Spark RDD distinct() to get unique elements

Spark RDD distinct() is used to remove duplicate elements from an RDD and return another RDD that contains only unique values. If the same element appears many times in the input RDD, it appears only once in the result RDD.

In this tutorial, we will learn how to get distinct elements from an Apache Spark RDD using Java, Scala, and Python examples.
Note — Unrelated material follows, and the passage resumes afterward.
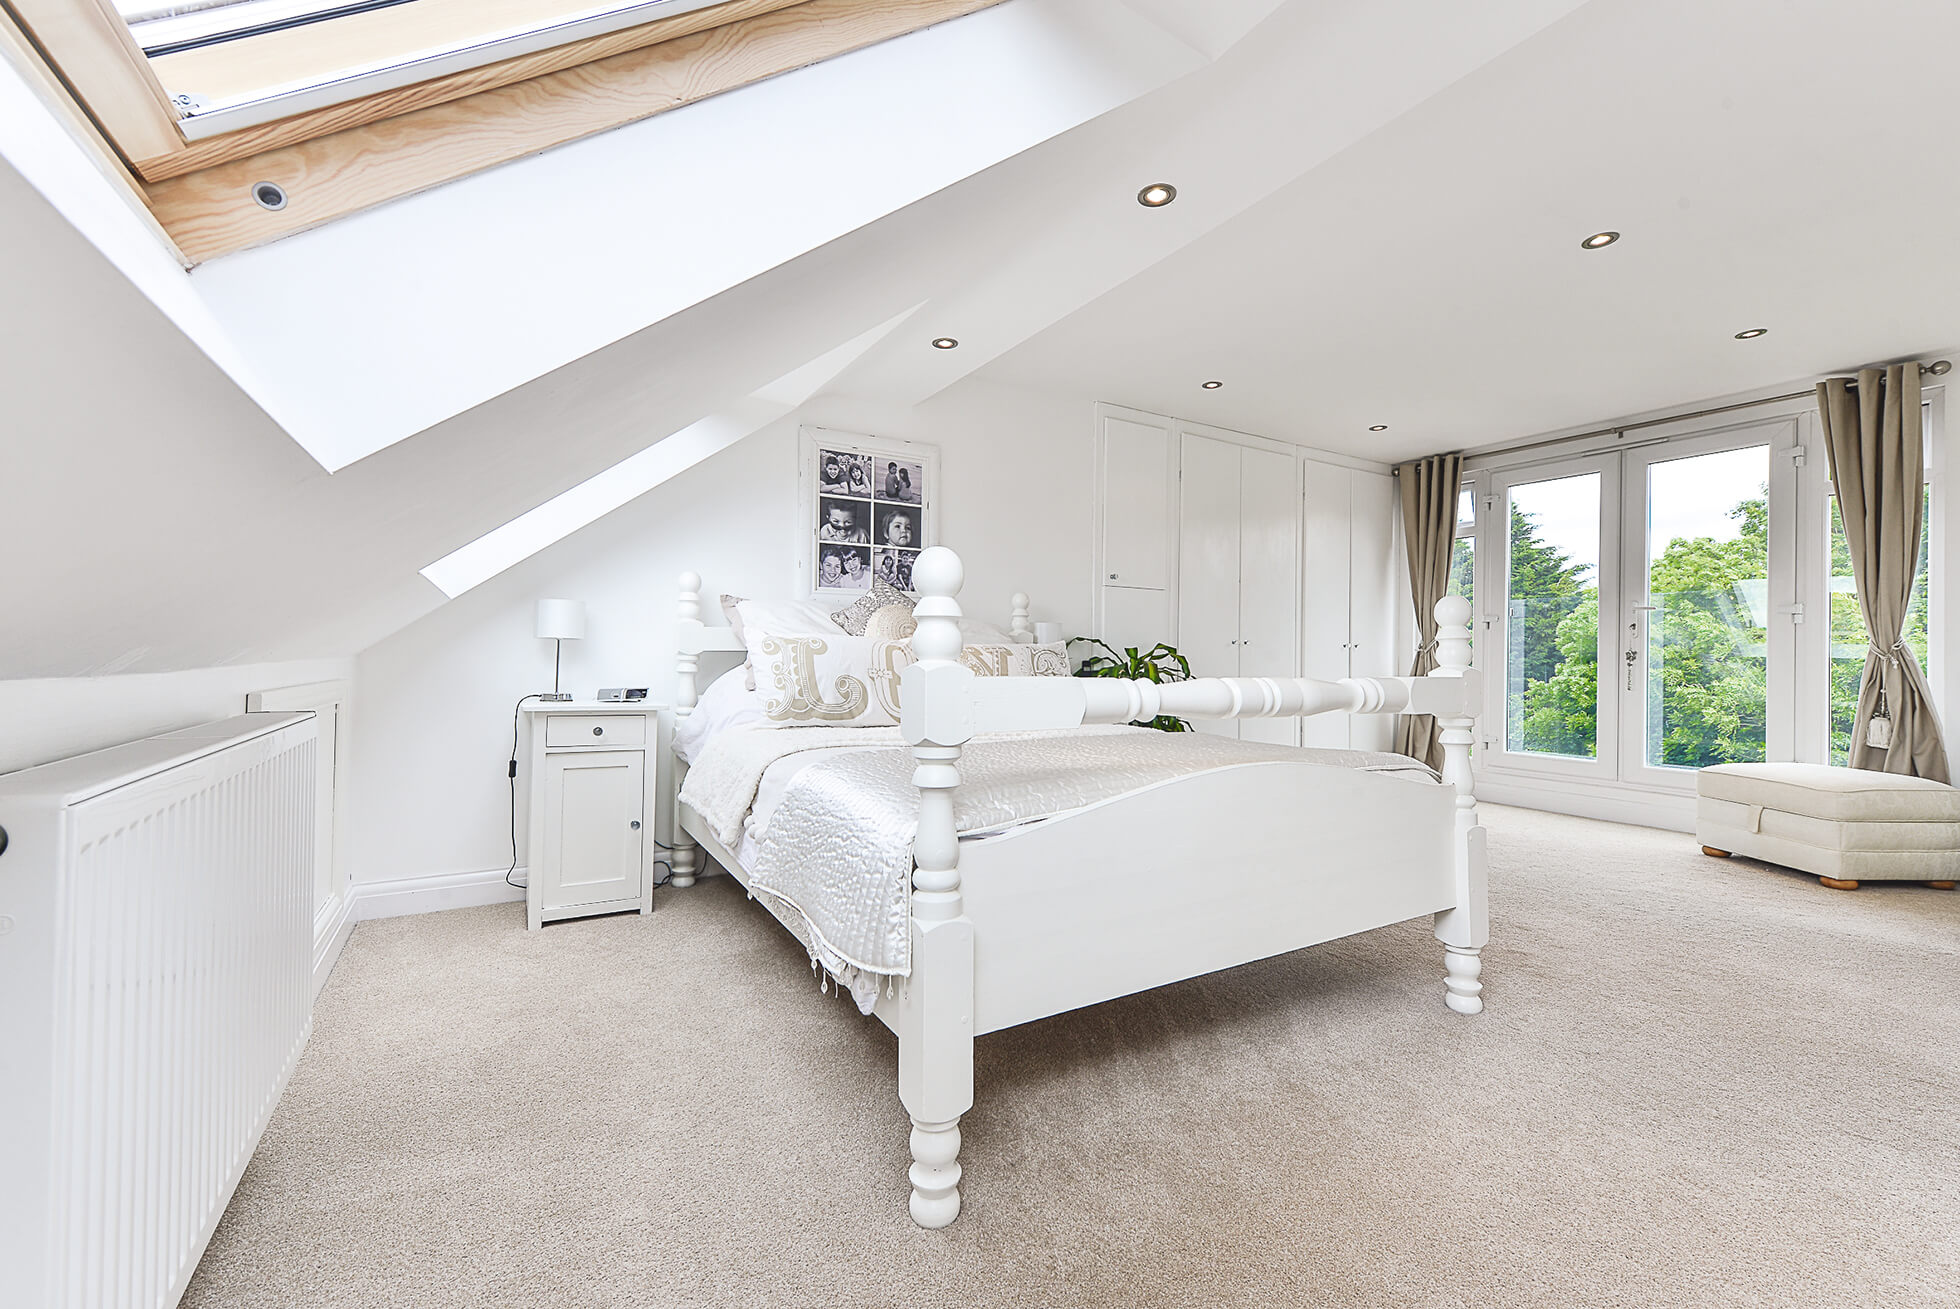 Do you have a question about converting your Loft in Watford? Here are the most popular questions asked by our clients.
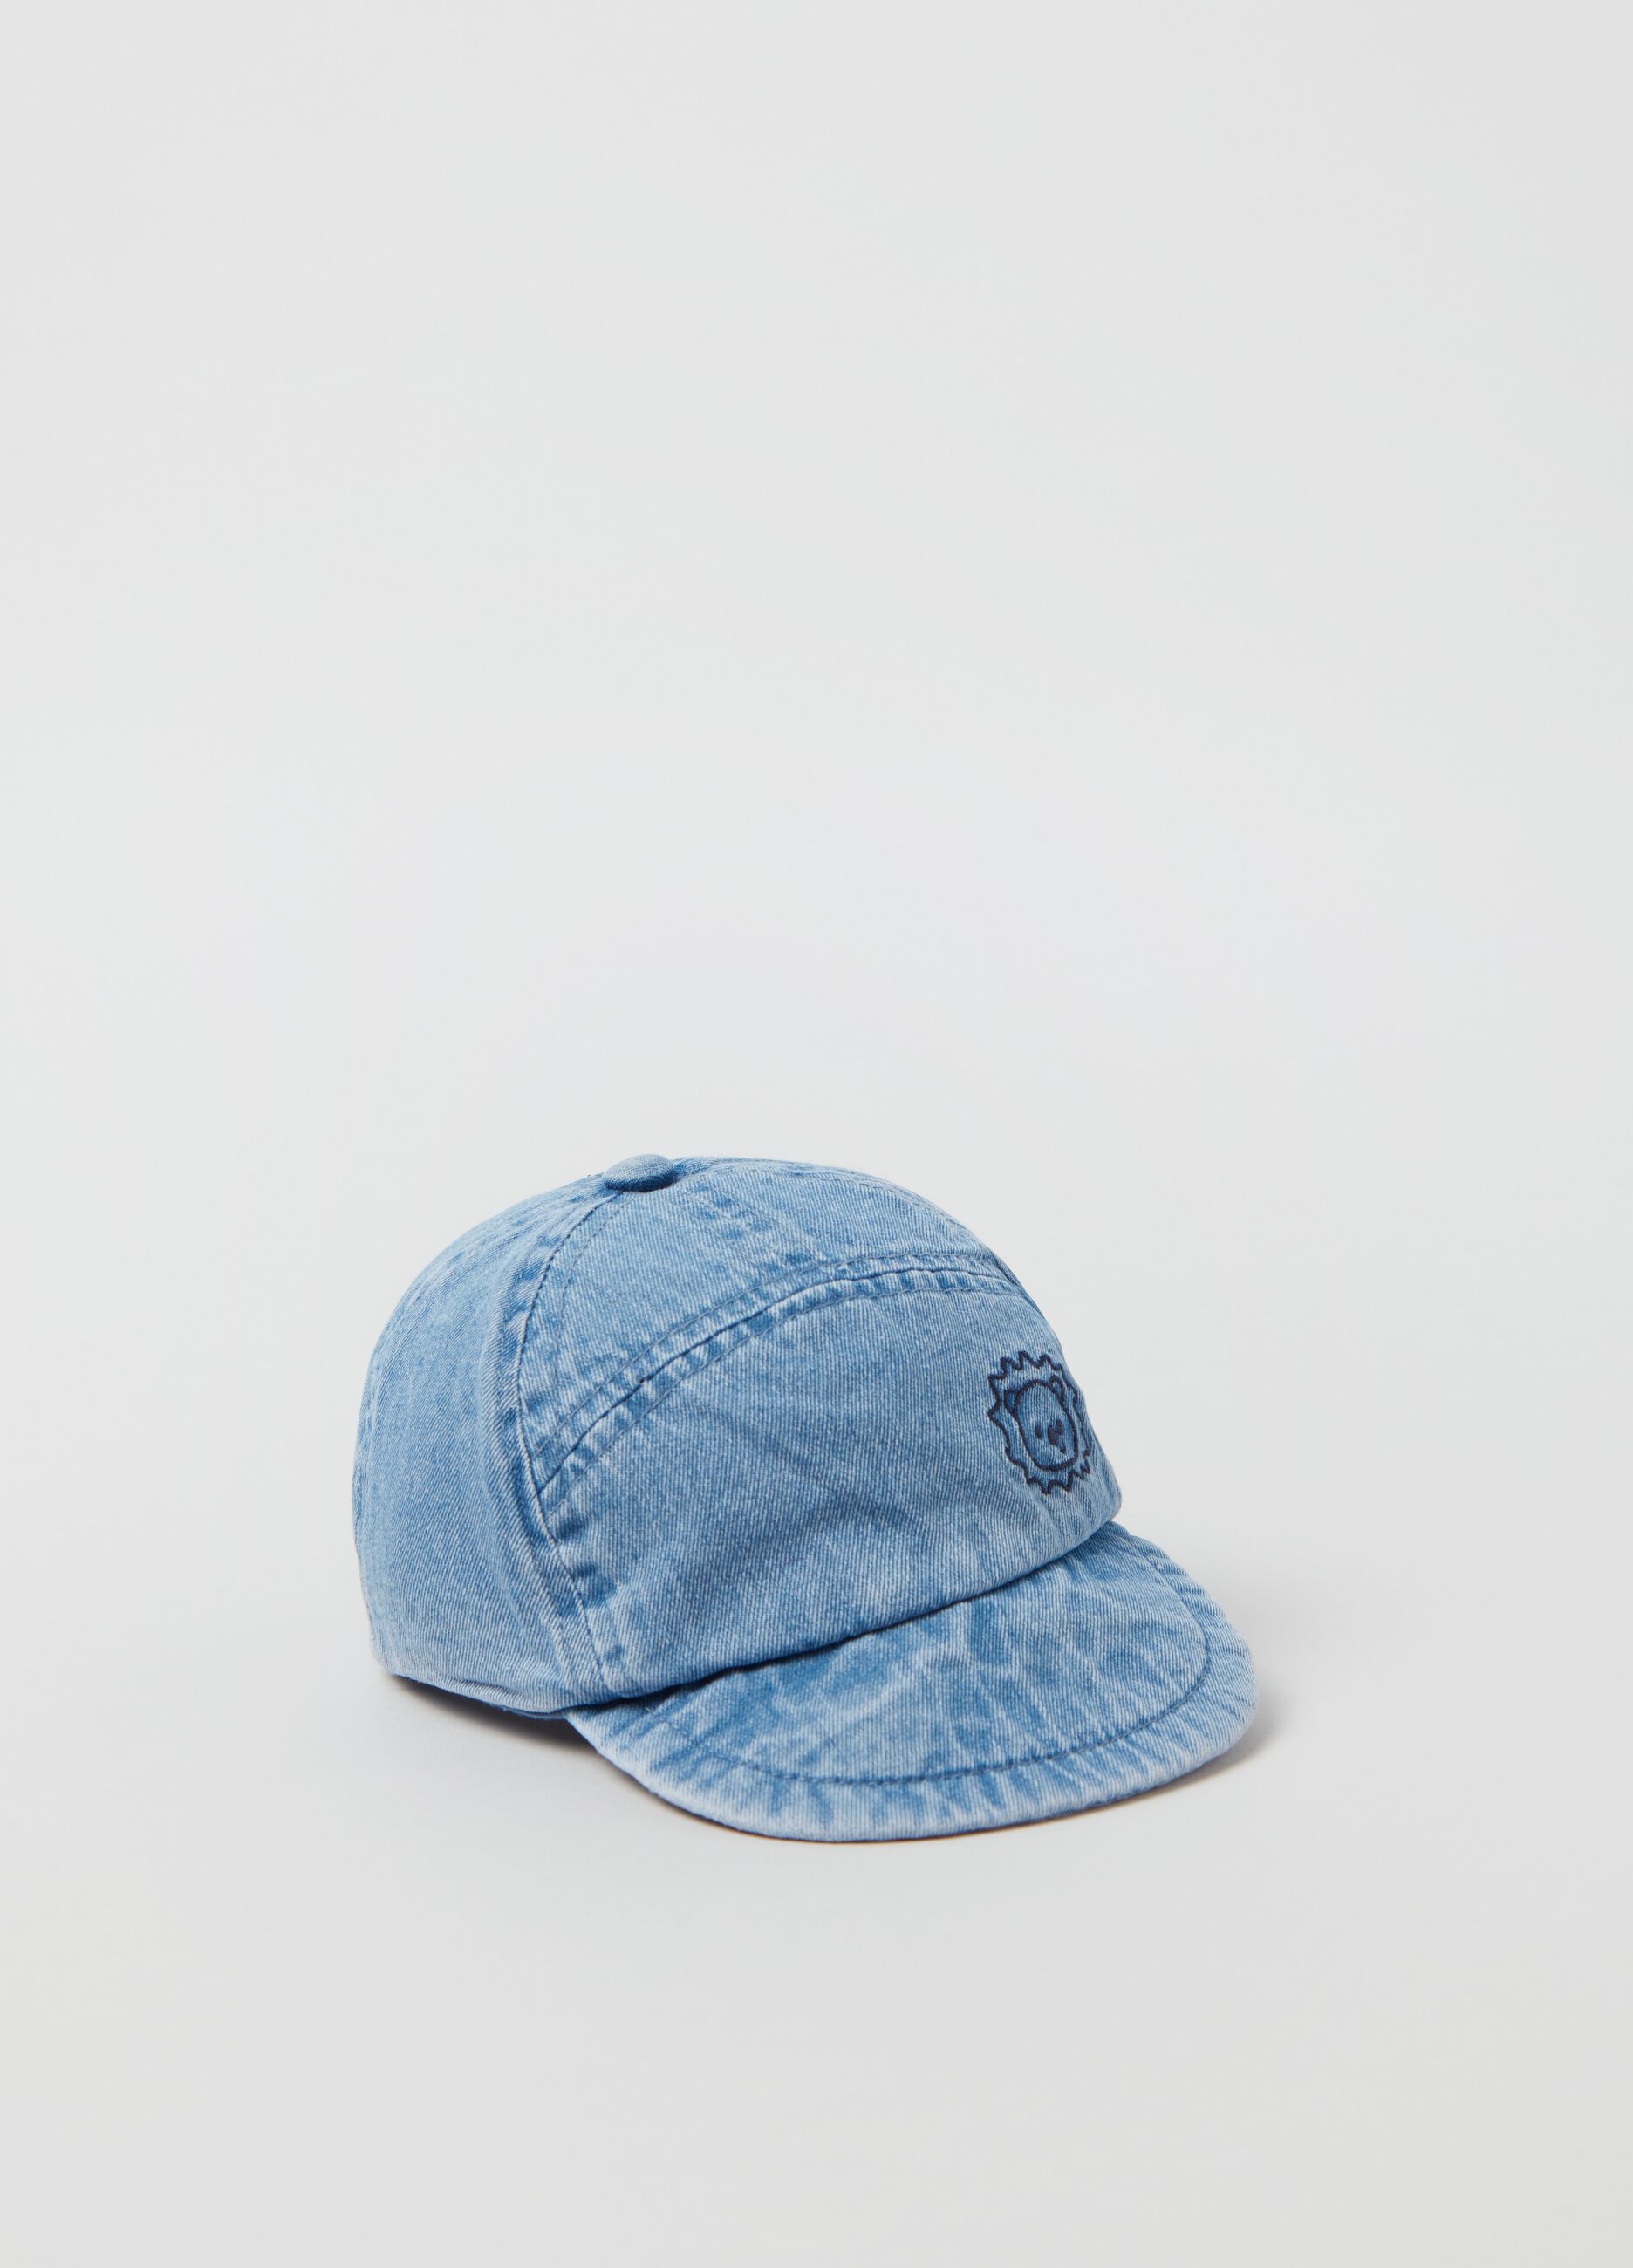 Baseball cap with lion embroidery

We will also look at how distinct() behaves with partitions, how to collect unique values to a list, and when to use DataFrame distinct() instead of RDD distinct().

Syntax of Spark RDD distinct()

To get distinct elements of an RDD, call distinct() on the RDD. The method returns a new RDD with duplicate elements removed.

</>
Copy
val distinctRdd = rdd.distinct()

In PySpark, the syntax is similar.

</>
Copy
distinct_rdd = rdd.distinct()

You can also pass the number of partitions for the resulting RDD. This is useful when the distinct operation processes a large dataset and you want to control the number of reduce-side partitions.

</>
Copy
distinct_rdd = rdd.distinct(numPartitions=4)

distinct() is a transformation. It is evaluated only when an action such as collect(), count(), foreach(), or saveAsTextFile() is called.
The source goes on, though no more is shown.